We consider direct-detection searches for sub-GeV dark matter via electron scatterings in the presence of large interactions between dark and ordinary matter. Scatterings both on electrons and nuclei in the Earth's crust, atmosphere, and shielding material attenuate the expected local dark matter flux at a terrestrial detector, so that such experiments lose sensitivity to dark matter above some critical cross section. We study various models, including dark matter interacting with a heavy and ultralight dark photon, through an electric dipole moment, and exclusively with electrons. For a dark-photon mediator and an electric dipole interaction, the dark matter-electron scattering cross-section is directly linked to the dark matter-nucleus cross section, and nuclear interactions typically dominate the attenuation process.

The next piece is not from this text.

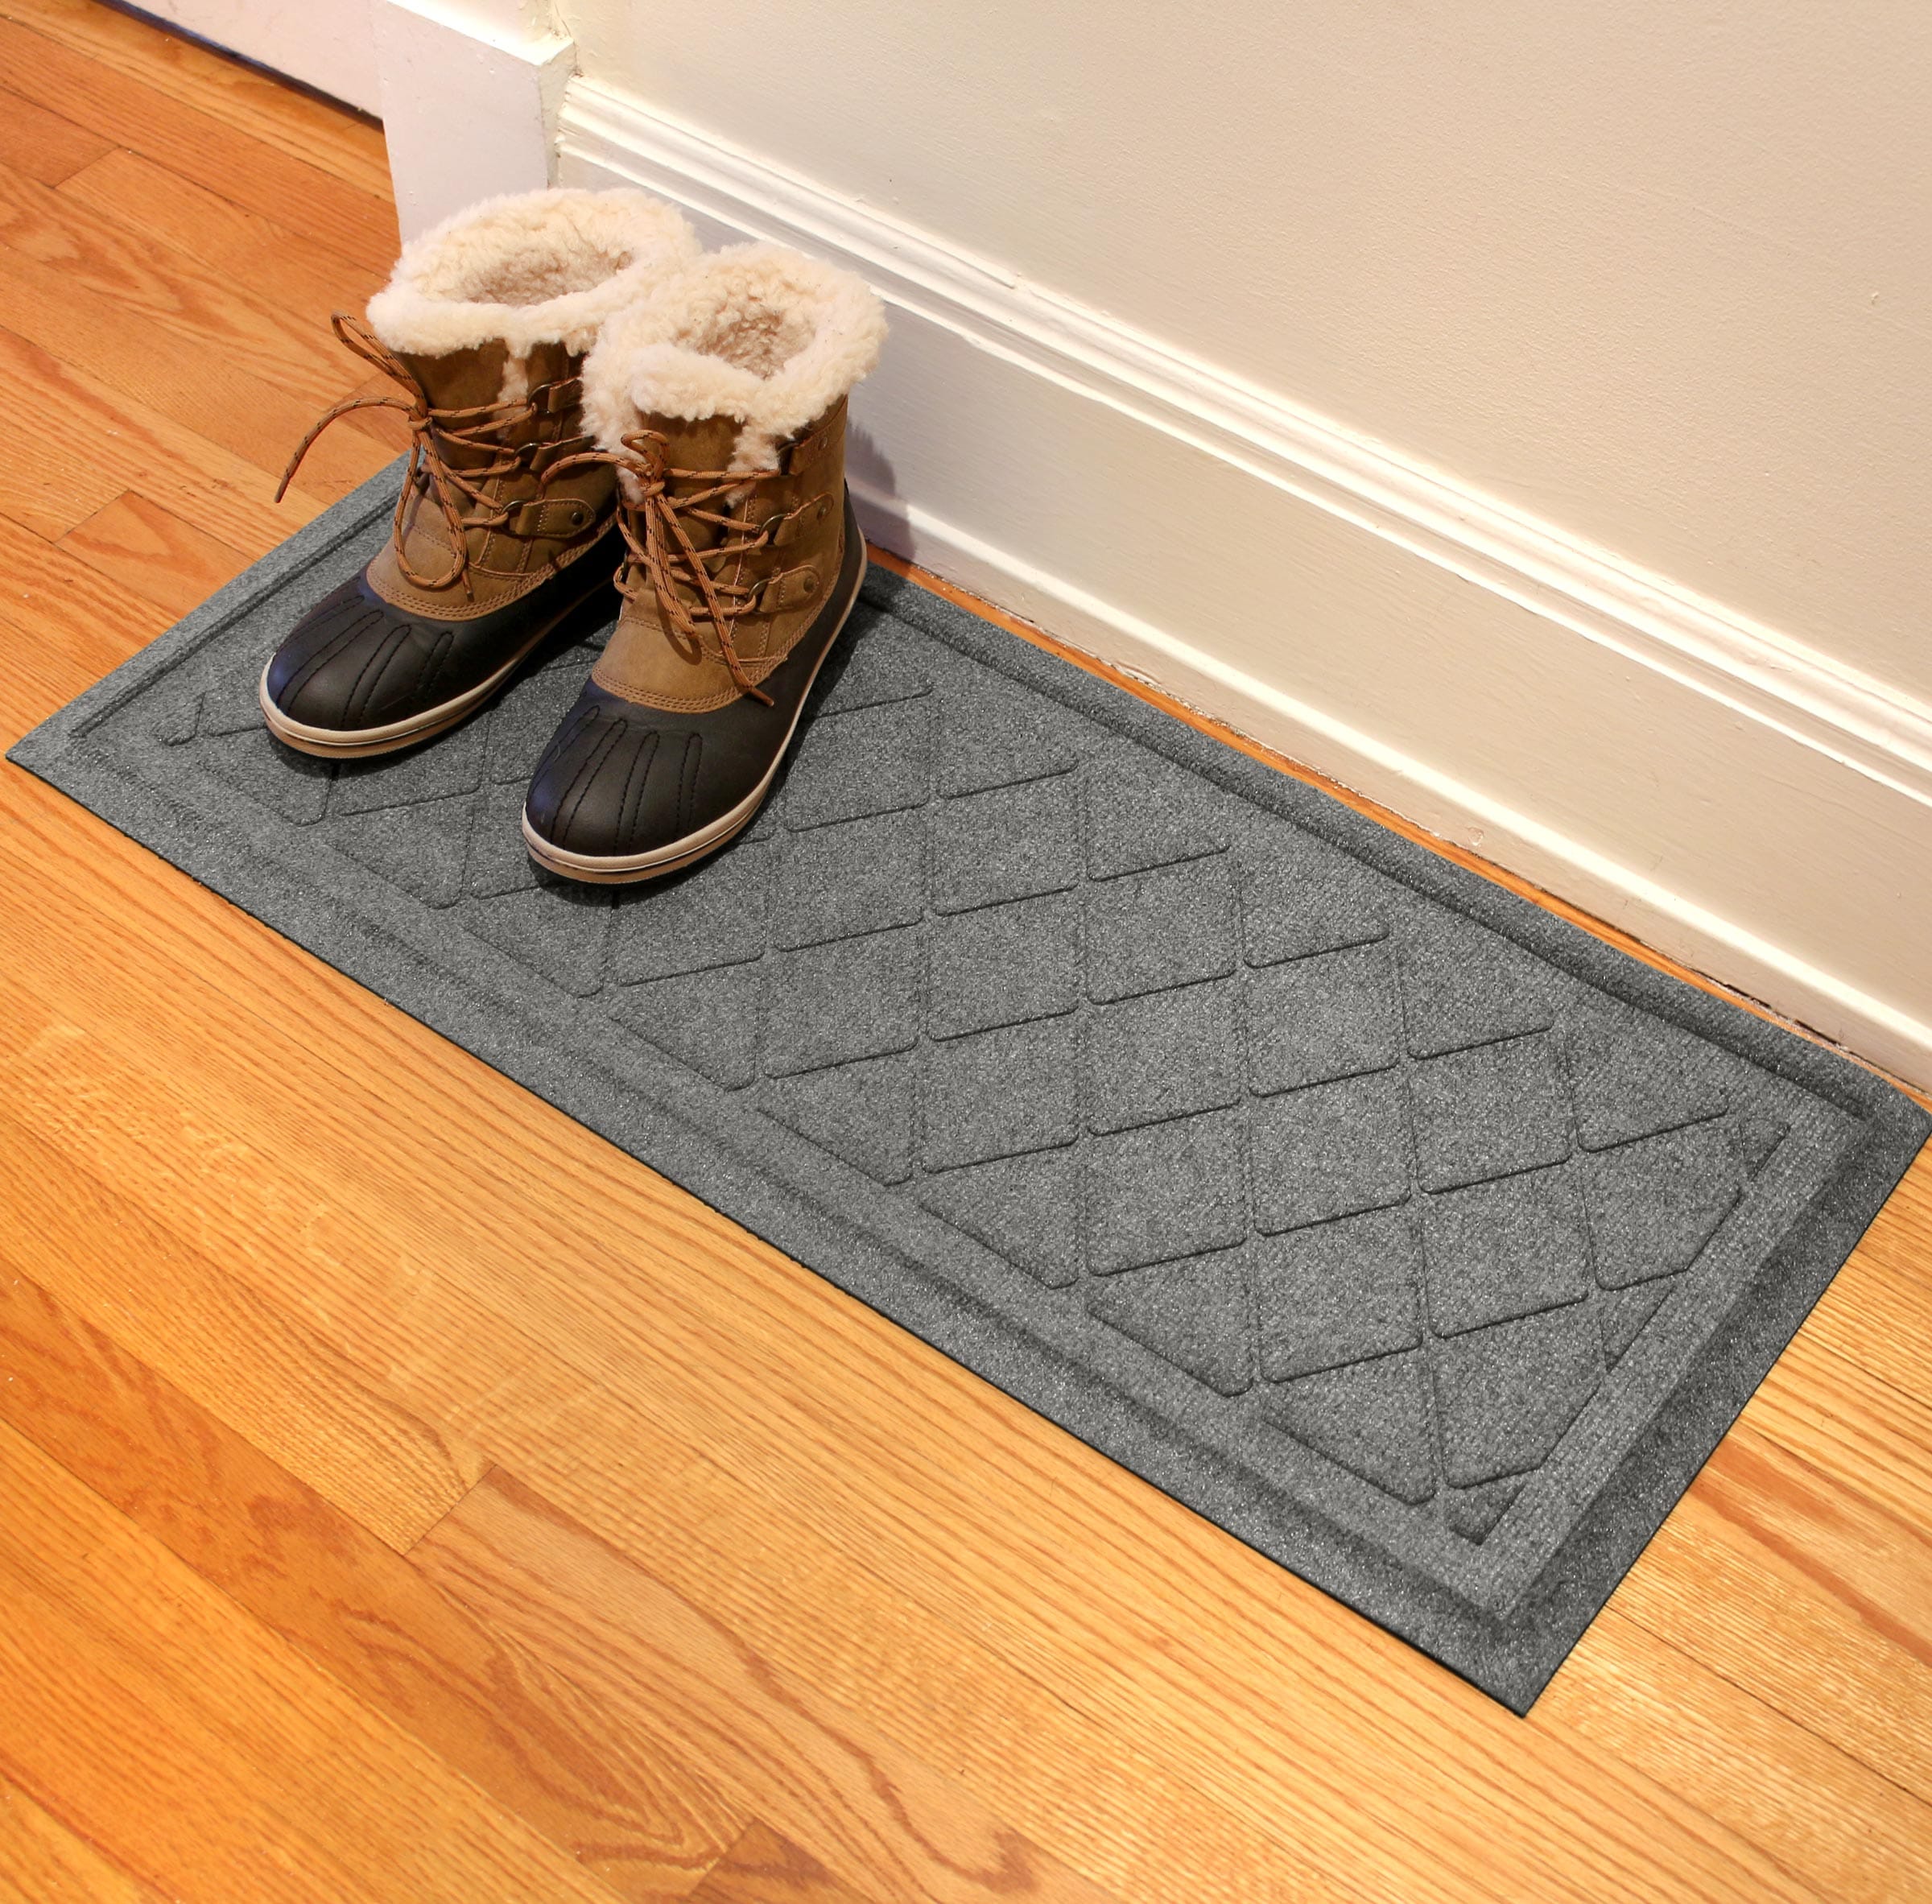 Large All-Weather Indoor/Outdoor Boot Tray - Weather-Resistant Plastic Shoe  Mat with Raised Edge for Entryways, Decks, and Patios by Stalwart (Black)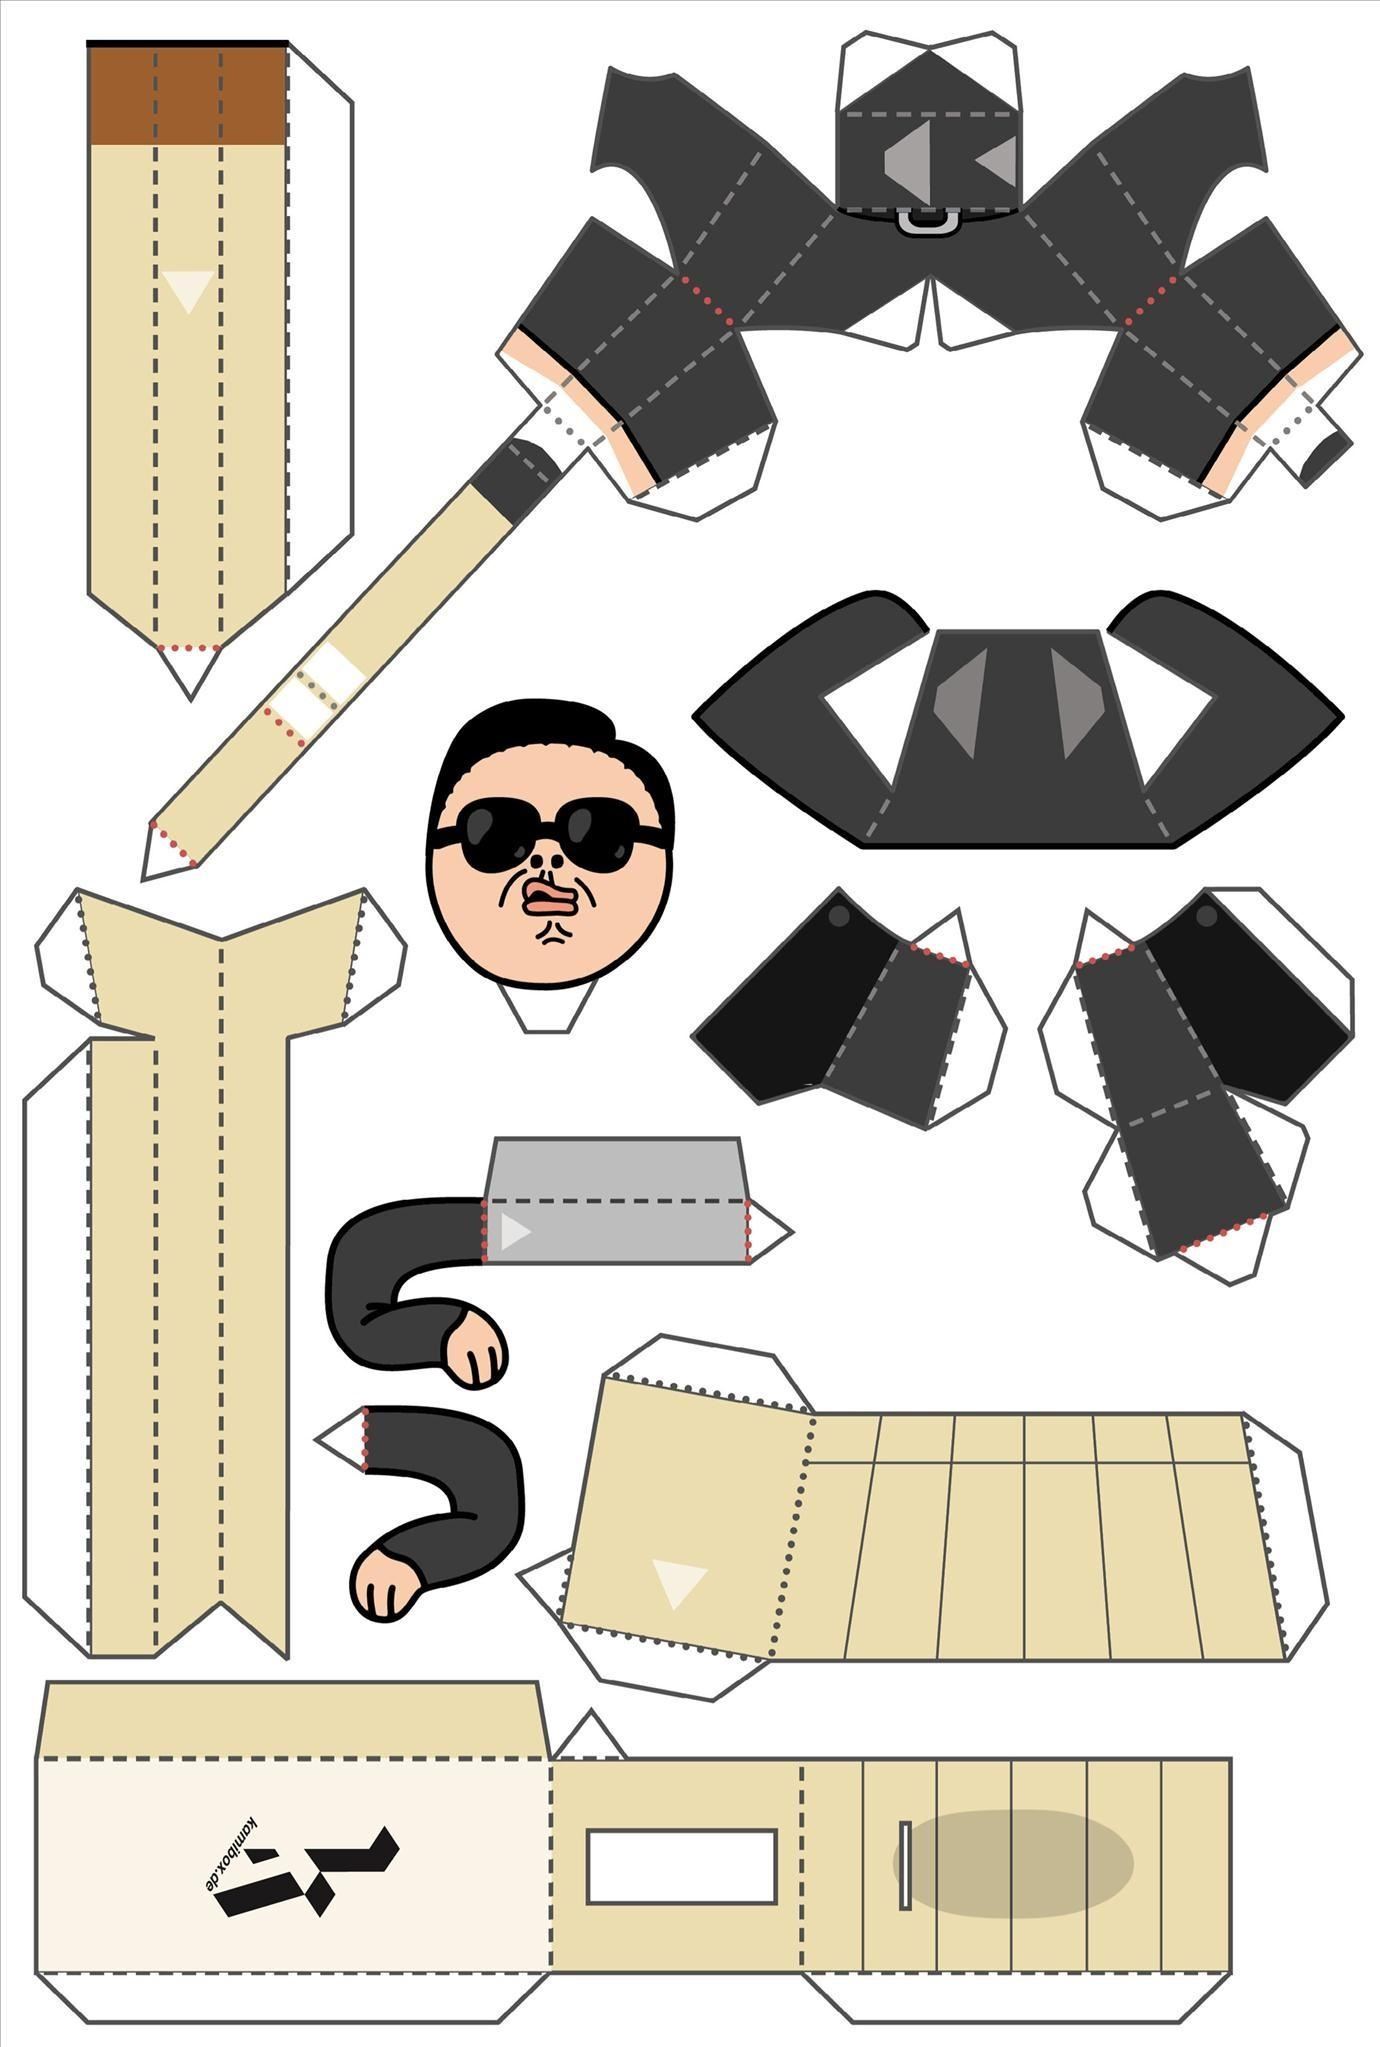 Make PSY Dance Whenever You Want with This DIY Gangnam Style Papercraft Machine

We determine the exclusion bands for the different dark-matter models from several experiments - SENSEI, CDMS-HVeV, XENON10, XENON100, and DarkSide-50 - using a combination of Monte Carlo simulations and analytic estimates. We also derive projected sensitivities for a detector located at different depths and for a range of exposures, and calculate the projected sensitivity for SENSEI at SNOLAB and DAMIC-M at Modane. Finally, we discuss the reach to high cross sections and the modulation signature of a small balloon- and satellite-borne detector sensitive to electron recoils, such as a Skipper-CCD. Such a detector could potentially probe unconstrained parameter space at high cross sections for a sub-dominant component of dark matter interacting with a massive, but ultralight, dark photon.
- dark matter experiments
- dark matter theory